- Ubuntu 14.04
- ES 1.4.2 from elastic repos
- Java 1.7.0_95
- 6 c3.8xlarge data nodes ( http://www.ec2instances.info/?filter=c3.8xlarge ) with 30G of heap configured
- 3 dedicated masters (originally http://www.ec2instances.info/?filter=r3.large ) with 7G of heap configured, all client requests are routed through these 3 servers
- Single index with 60 shards, 1 primary and 2 replicas, shards ranging from 10G to 40G
- 260Mil documents
- not using doc values (looking into it)
The problem presented itself after attempting to replace the r3.large masters with m3.large ( http://www.ec2instances.info/?filter=m3.large ) with 4G of heap configured. The 3 masters exhibited the following behavior:
In essence: over 75% heap usage and increased amount of GC and CPU (due to GC probably)

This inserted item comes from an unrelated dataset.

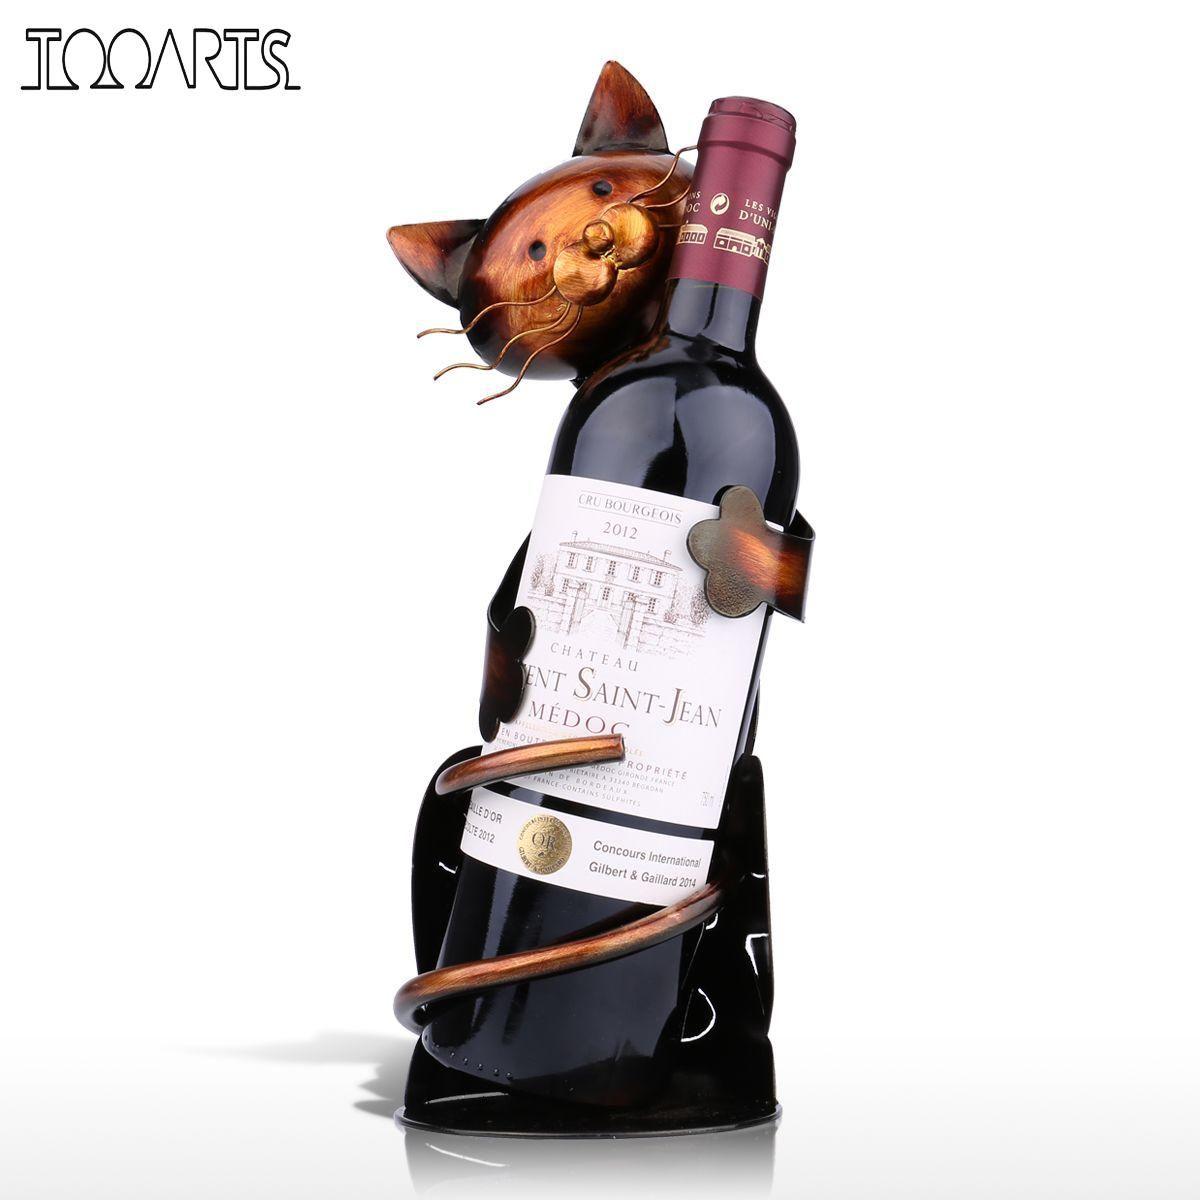 TOOARTS Cat Wine Rack Wine Holder Shelf Metal Sculpture Practical Sculpture Wine stand Home Decoration Interior Crafts

At the same time, every datanode exhibited the following behavior:
i.e. the same behavior. During the time we had the smaller masters in charge of the cluster we saw it directly affecting the rest of the cluster. We replaced the masters with m3.xlarge instances ( http://www.ec2instances.info/?filter=m3.xlarge ) because we weren't unsure at the time if the problem was CPU or Heap. Now it looks to me as if Heap pressure was the problem, you will notice the datanodes in the last image heap usage is back to around 75% and old GC back to almost nothing.
A few questions then:
- Why the heap pressure in the masters affected the entire cluster? (in such a way that every datanode also showed heap pressure)
- In this particular use case, what would be the ideal master setup? My hunch says memory is the factor here (as far as I can tell the active master's process is single-threaded so it doesn't really matter how many cores the machine has?) and having 7G of heap size configured seems to have "fixed" this issue
- Is it particularly harmful for the active master to be serving requests? i.e. should I remove the active master from the configured URLs in the services using ES?
- Other general suggestions with regards to index/shard size appreciated
Thank you all.